Tuesday, November 20, 2018

Problems with Darryl Hart's Secular Faith: Part 1


Hart presents the view that:

“…Christianity in its classic formulations, especially the Protestant traditions of Lutheran, Reformed and Anglican, has very little to say about politics or the ordering of society. This does not mean that Christianity has nothing to say.” (p. 10)

Is it true that Christianity and the Bible historically have very little to say about politics or the ordering of society? Is this a historically accurate statement?

This claim of his is hard to support when there is so much contrary evidence from history. There is a long-standing tradition of Christian legal thought going back at least to 1200AD (perhaps the earliest would be the Christianization of the Roman legal code under Justinius in 500's AD), that sought to apply the foundational truths of Christianity to government, law, justice and the ordering of society. This body of thought developed progressively as the common law tradition of England and later the founding principles of the United States.

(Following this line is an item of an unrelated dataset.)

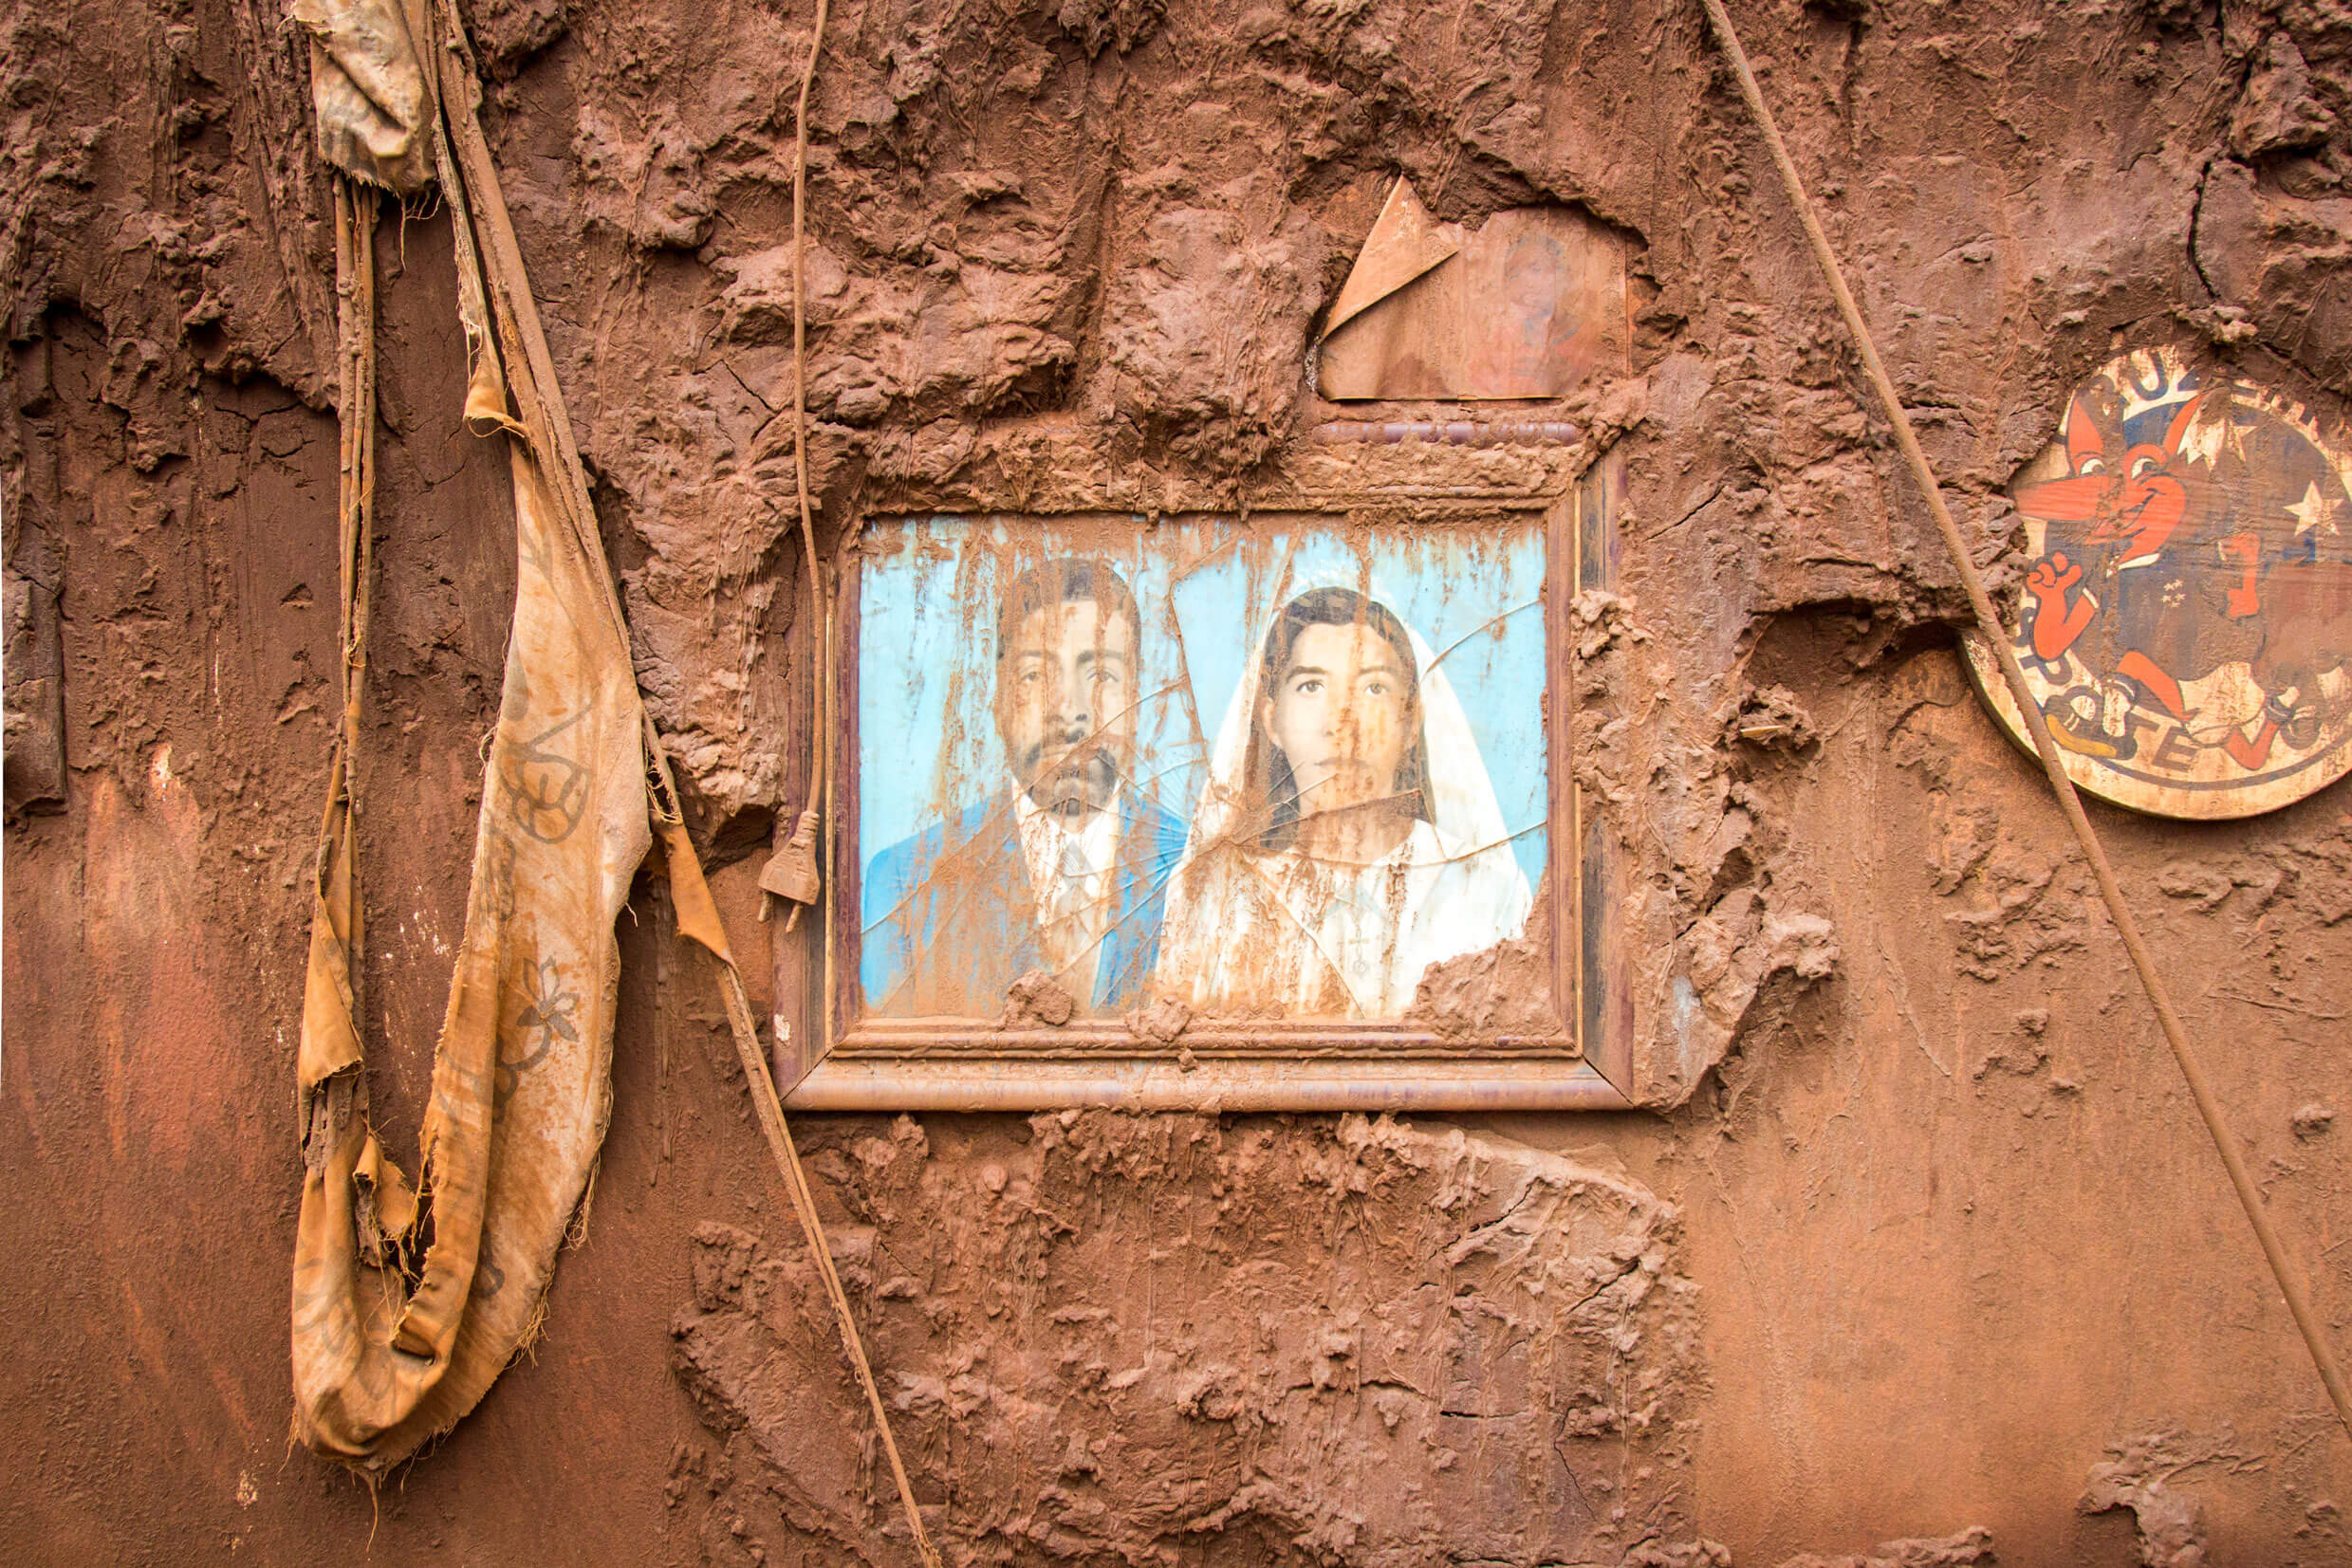 Imagem do quadro de um casal tomado pela lama. Créditos: Romerito Pontes

Most Americans are ignorant of the history of our system of laws, justice and government, even those who study history or law. Sadly, we Americans have lost touch with our roots. We are ignorant of the great heritage of careful Christian scholarship that provided the foundation for the American experiment. This ignorance has been aided and abetted by revisionist history written by historians who are ignorant of the Christian view of general and special revelation, and the positive biblical view of the relationship between faith and reason. Because of this ignorance, historians have made crucial mistakes in their reading of Christian thinkers of the past and of America's founding fathers, and Christian historians have similarly either failed to read the original works of thinkers, or have at times seriously misread them because of their ignorance of Christian legal thought or adhering to false assumptions.

But, if one studies the history of Christian legal theory, Christian natural rights theory, and common law theory, one cannot help but conclude that America would not exist, and this form of government would not exist, were it not for the development of thought that was derived explicitly from the Bible by Christian thinkers over the course of 800 years.

It is to our detriment as a society that scholars, both secular and Christian, have sanitized the Christian worldview roots of Western civilization from contemporary scholarship. It leaves us with no workable basis for a common understanding of how to govern and relate as a society, as evidenced in our current polarized political milieu.